Alice swallows, forcing herself to remember.
She looks down at the still black surface, and lets her vision blur as she thinks back, retracing her steps until the other girl’s pulse becomes the beat of the music through the walls, and then she’s coming out of the bedroom, and there she is, as if she’s been waiting there all night, just for Alice.
She stands, and drifts forward, until she’s close enough to kiss, and that’s when Melody’s hands vise around hers.

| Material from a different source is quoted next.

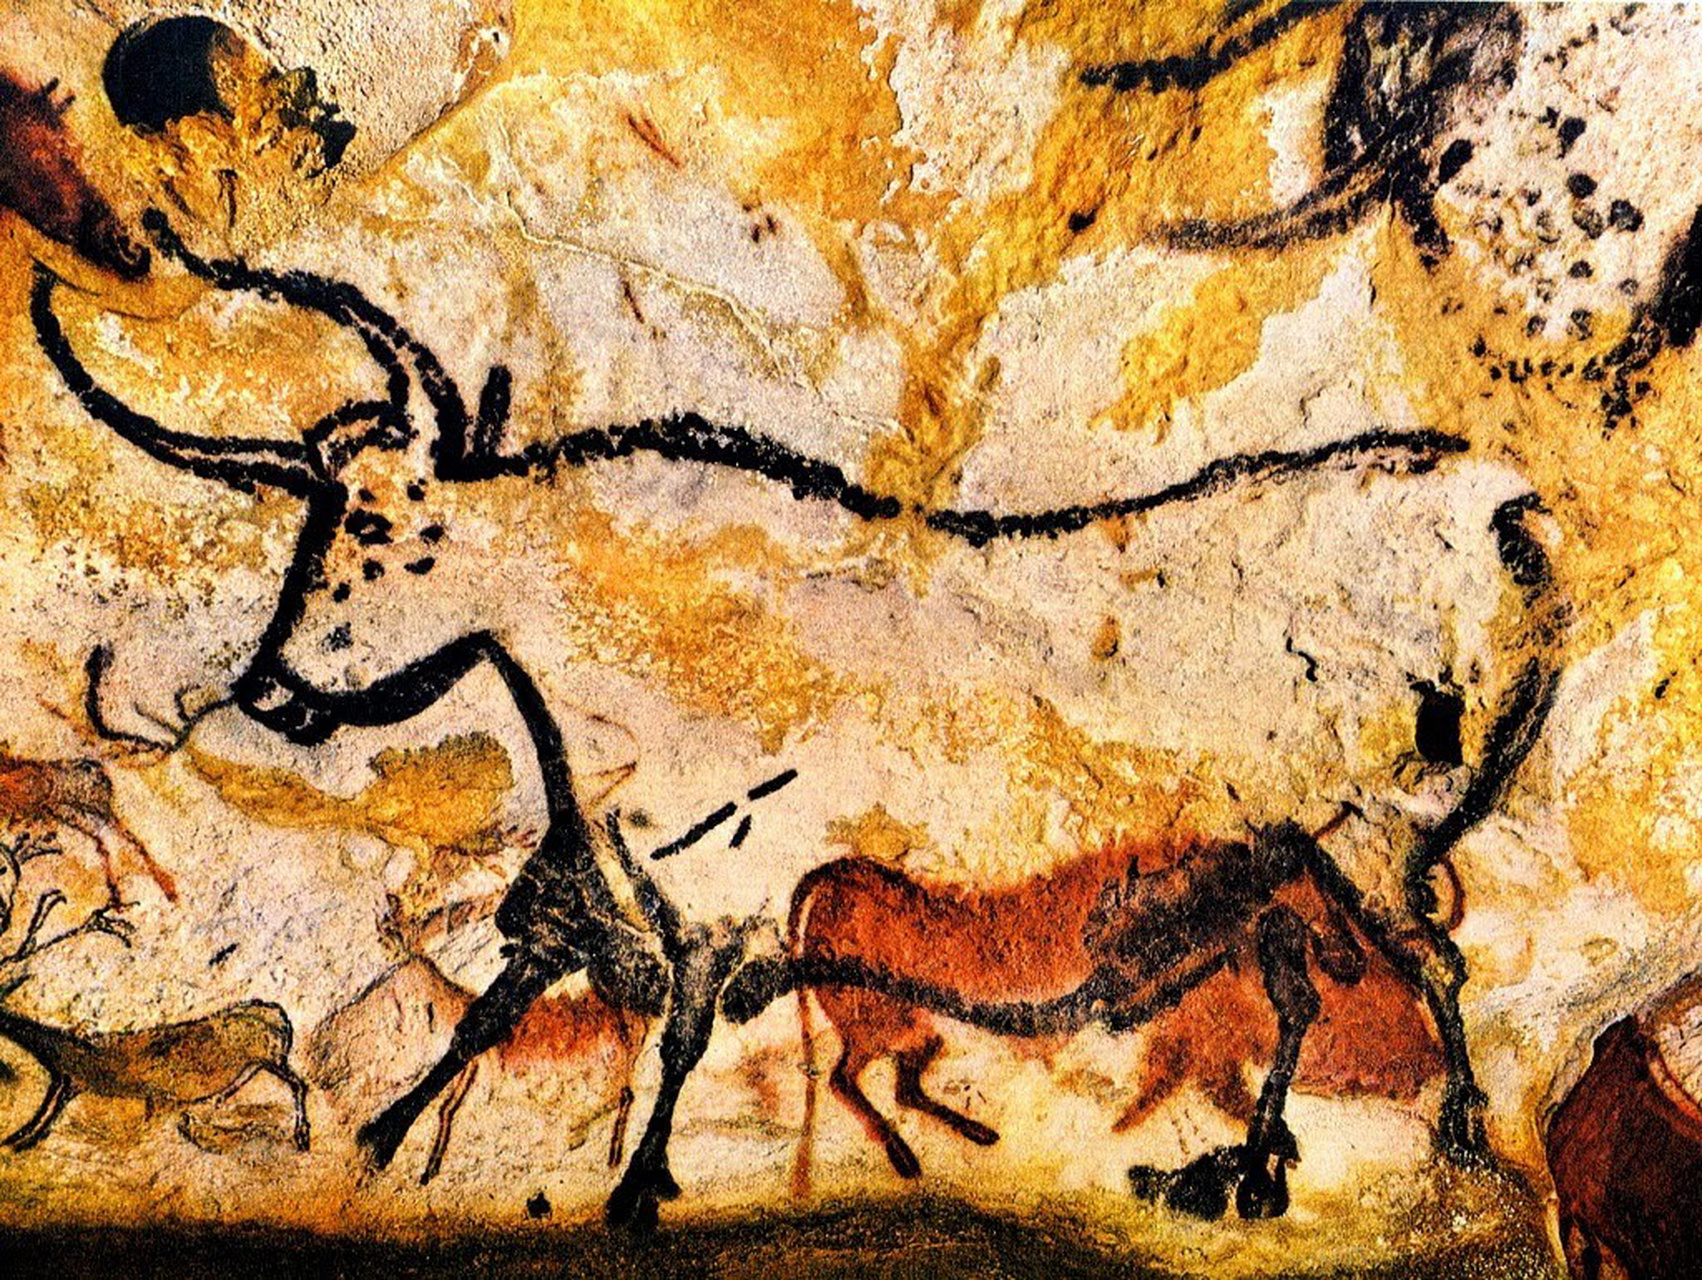 17000千年前的牛 拉斯科洞窟(法语:grotte de lascaux)壁画,位于法国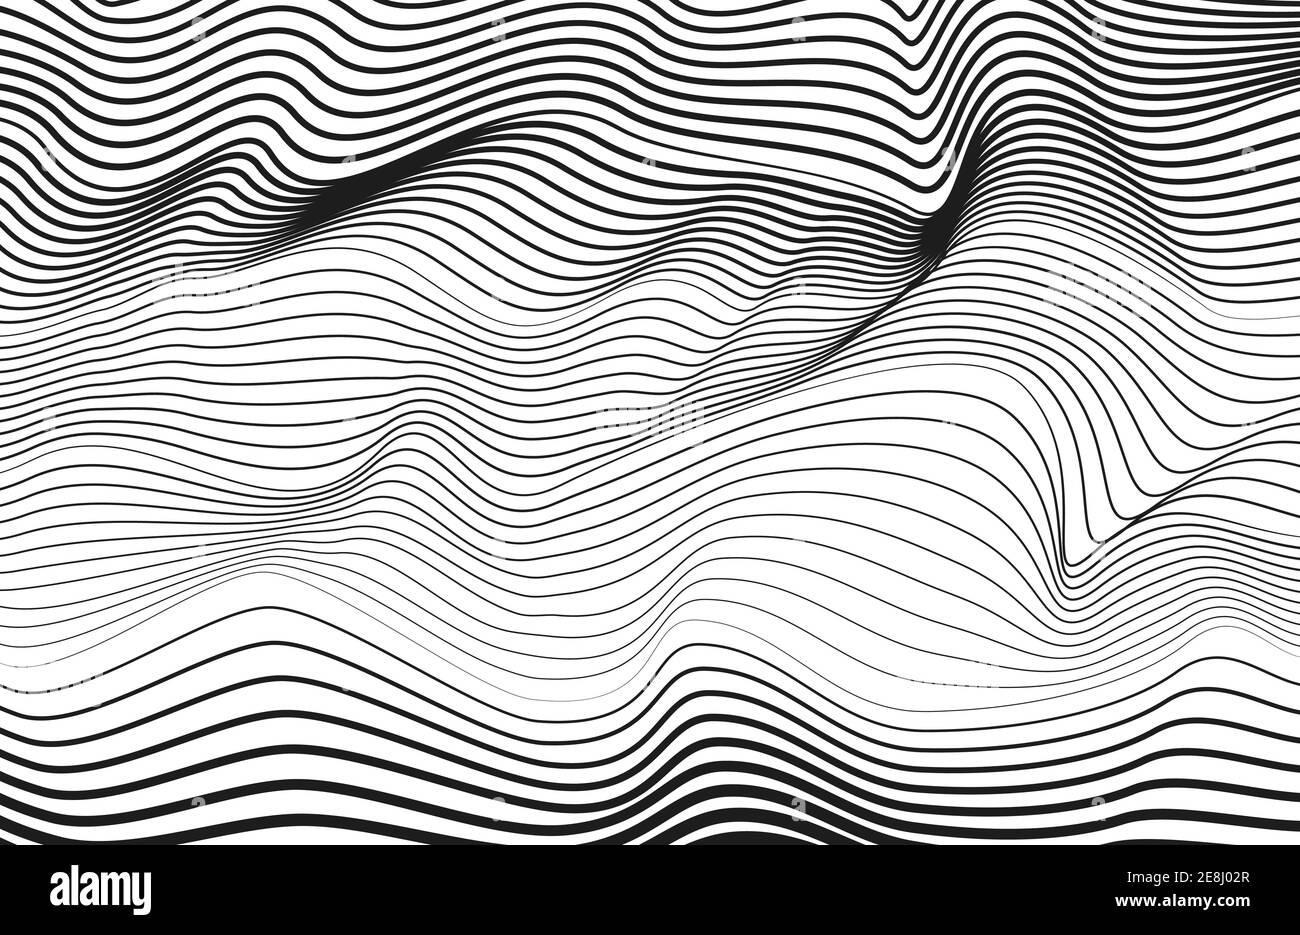 Abstraktes, monochromes Linienkunstdesign. Schwarze Kurven, weißer Hintergrund. Vektor-Technologie Streifenmuster. Radio, Schallwellen Konzept. EPS10 Stock Vektor

The memory gutters, going murky in Alice’s mind, a black-on-black ripple before Lottie springs back into her line of sight, only now the party is gone, the violet dye is gone, her curls glossy and dark, the short silver dress replaced by black slacks and a black-and-white-patterned blouse, a silk bow cinched at her throat.
She’s striding up a spiral staircase, heels sinking into a plush blue rug, and fingers trailing a blue-patterned wall, and Alice’s heart lurches as Lottie looks back over her shoulder, right at her, with those eyes like strong tea, and that coy smile, dimple flashing in one cheek.
And in that moment, Alice wants to surge forward, grab her and pin her to the wall, but she can’t.
This isn’t her mind, this isn’t her memory, and Lottie isn’t looking at Alice, because Alice is someone else.
Their fingers are tangled, and the hand that isn’t her hand is darker, the nails painted autumn shades of gold, and amber, and red, and as Lottie leads her up the stairs, she does the only thing she can.
She follows.
The two of them walk up and up, past gilded sconces to a landing, and down a hall to a room, where Lottie grabs her—not her—by the waist, pulls her—not her—back against the door with a breathy laugh, the same sound that made Alice’s knees go weak the night she killed her.
And Alice tries to say something, to say No, to say Wait, to say Run, but the two of them are already tumbling back into the room, and the last thing she sees is the number—139—etched into a gold plate on the door, before Melody lets go of her hands, and the vision crumbles, and Alice is left feeling like someone slammed the door in her face.
She recoils, back in her body in the coffee shop booth, Lottie lingering like a camera flash behind her eyes, repeating every time she blinks. She sits there, caught between the two places, two selves, shivering with anger.
“Well?” asks Ezra, who’s perched backward on a chair.
Melody rubs her eyes, as if clearing away sleep. “She’s at a hotel.”
“Oh good, there are so few of those around.”
Alice shakes her head, locks her hands in her lap until her knuckles ache.
“There was blue,” she says, trying to force the tremble from her voice. “On the stairs. Blue runner. Blue walls.”
Ezra’s expression brightens. He snaps his fingers. “The Taj.”
Alice feels her chest tighten, not with panic, but hope. “You know it?”
He nods, already on his feet. “It isn’t far. Thanks, Mel.”
“Anytime,” she mutters, pushing the now-cold coffee aside and settling the headphones back over her ears.
“Really?”
“No,” she says dryly, hitting a key so the wall of bass guitar springs up between them. Alice feels like she should say something, thank her for her help, but Ezra’s already shooing her toward the door.
“You don’t have to come with me,” she says as he shrugs on a coat.
“I could use the fresh air. Besides,” he adds, “I meant what I said. The Lottie I knew wouldn’t do this.”
But she did, thinks Alice as they leave the café, the little bell chiming in their wake.